**Problem to work on**.
Look through the data below and return each line where "Sony" appears.

** Opening Records to use block **

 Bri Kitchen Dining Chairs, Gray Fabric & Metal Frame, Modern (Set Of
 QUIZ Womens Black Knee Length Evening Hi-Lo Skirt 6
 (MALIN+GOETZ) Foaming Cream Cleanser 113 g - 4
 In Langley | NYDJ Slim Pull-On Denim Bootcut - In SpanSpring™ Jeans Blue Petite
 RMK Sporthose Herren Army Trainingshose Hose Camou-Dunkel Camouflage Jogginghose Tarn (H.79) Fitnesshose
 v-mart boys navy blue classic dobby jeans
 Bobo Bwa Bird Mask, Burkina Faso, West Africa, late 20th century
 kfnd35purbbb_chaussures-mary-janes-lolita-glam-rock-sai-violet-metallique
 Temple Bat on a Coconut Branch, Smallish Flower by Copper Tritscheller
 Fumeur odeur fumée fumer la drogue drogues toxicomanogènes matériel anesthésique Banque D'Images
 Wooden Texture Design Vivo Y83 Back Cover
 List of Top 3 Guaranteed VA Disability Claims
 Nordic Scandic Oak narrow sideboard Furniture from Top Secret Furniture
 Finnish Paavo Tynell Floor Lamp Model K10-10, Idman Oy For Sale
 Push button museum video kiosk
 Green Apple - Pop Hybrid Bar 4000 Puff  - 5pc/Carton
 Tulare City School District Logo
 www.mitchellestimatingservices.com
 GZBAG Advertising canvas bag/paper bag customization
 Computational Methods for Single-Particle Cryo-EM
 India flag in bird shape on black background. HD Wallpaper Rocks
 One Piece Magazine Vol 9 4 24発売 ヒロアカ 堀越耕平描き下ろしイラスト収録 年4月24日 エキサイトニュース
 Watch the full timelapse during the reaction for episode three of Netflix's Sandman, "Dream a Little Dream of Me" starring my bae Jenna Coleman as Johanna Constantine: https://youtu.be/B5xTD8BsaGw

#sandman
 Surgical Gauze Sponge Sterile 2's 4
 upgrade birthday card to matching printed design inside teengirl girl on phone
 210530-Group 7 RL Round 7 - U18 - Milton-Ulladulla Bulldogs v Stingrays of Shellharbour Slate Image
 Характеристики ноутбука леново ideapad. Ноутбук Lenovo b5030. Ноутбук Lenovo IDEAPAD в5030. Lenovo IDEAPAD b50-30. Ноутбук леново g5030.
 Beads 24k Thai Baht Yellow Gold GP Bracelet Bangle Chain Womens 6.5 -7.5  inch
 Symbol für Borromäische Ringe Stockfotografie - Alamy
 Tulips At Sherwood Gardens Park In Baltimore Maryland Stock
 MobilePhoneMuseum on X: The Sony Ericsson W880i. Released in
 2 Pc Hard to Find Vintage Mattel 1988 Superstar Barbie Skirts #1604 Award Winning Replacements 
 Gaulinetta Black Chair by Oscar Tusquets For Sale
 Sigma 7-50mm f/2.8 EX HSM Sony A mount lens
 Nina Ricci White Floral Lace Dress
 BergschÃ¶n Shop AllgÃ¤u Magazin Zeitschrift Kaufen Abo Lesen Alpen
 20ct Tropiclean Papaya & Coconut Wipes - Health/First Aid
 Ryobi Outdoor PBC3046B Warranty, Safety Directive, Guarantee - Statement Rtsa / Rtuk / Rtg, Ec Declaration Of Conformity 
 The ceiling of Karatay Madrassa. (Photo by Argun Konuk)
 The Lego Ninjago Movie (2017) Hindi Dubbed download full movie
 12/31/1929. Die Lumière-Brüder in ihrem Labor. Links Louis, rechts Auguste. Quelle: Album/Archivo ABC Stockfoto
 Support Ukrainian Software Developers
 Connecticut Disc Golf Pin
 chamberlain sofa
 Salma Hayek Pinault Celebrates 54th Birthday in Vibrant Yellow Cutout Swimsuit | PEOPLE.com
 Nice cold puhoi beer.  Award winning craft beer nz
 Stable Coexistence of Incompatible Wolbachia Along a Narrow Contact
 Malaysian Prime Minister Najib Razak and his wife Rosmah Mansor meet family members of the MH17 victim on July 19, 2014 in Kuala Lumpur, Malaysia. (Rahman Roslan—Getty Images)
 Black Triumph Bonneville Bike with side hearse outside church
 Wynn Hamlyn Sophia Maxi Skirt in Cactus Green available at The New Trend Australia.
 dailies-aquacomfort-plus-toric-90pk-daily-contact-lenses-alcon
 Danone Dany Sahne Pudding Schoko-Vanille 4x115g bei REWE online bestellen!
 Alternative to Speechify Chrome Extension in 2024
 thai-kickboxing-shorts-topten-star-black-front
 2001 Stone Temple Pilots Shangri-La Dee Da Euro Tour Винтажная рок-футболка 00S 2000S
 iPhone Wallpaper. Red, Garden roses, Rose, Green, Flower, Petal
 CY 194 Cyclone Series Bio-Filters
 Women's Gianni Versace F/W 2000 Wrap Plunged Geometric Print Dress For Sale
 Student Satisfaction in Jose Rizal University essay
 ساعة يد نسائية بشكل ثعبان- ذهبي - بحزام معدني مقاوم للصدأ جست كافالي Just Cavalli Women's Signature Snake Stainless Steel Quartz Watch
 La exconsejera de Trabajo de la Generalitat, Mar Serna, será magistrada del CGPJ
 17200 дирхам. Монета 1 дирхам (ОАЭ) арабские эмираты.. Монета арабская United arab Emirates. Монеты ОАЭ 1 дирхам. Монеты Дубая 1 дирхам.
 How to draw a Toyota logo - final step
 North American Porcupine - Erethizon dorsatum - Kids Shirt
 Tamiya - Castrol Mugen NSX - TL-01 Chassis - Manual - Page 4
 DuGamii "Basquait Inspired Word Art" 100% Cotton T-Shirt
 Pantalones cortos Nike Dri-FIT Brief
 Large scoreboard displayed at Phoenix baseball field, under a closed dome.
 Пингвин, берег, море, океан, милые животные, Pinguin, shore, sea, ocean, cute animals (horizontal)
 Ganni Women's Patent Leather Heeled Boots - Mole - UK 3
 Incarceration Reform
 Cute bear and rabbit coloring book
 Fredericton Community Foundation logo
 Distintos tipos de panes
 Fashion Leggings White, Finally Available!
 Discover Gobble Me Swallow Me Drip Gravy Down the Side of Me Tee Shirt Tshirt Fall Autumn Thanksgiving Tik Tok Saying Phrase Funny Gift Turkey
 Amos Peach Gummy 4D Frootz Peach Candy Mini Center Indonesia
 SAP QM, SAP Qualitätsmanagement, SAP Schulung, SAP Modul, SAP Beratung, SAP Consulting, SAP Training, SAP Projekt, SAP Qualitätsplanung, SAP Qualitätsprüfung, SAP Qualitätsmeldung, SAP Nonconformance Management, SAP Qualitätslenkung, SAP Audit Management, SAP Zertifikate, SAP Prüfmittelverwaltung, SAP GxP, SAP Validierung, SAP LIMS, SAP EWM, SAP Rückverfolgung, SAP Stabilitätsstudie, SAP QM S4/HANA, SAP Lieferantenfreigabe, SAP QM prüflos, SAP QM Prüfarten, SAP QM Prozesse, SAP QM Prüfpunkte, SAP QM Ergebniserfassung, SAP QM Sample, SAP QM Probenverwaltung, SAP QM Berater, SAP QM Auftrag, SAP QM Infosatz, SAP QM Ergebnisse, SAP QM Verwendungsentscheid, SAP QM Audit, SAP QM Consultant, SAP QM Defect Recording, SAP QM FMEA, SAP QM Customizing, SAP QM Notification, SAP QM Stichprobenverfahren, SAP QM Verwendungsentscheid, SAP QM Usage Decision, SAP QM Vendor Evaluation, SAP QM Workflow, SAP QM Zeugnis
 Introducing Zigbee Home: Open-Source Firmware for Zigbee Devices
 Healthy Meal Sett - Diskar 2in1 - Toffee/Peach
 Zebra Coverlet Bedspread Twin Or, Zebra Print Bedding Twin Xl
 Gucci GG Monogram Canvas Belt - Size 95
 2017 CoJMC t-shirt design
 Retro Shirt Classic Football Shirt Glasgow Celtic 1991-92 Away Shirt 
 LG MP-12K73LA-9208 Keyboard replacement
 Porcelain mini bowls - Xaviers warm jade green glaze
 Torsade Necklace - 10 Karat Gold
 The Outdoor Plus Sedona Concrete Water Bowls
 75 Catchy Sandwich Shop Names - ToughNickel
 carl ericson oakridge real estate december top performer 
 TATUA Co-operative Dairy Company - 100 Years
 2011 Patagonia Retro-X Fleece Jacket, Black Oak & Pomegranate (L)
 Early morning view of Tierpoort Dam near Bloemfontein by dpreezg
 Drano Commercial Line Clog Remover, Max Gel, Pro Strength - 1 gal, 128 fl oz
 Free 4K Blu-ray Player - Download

** Closing Records to use block **

**Output**.
 MobilePhoneMuseum on X: The Sony Ericsson W880i. Released in
 Sigma 7-50mm f/2.8 EX HSM Sony A mount lens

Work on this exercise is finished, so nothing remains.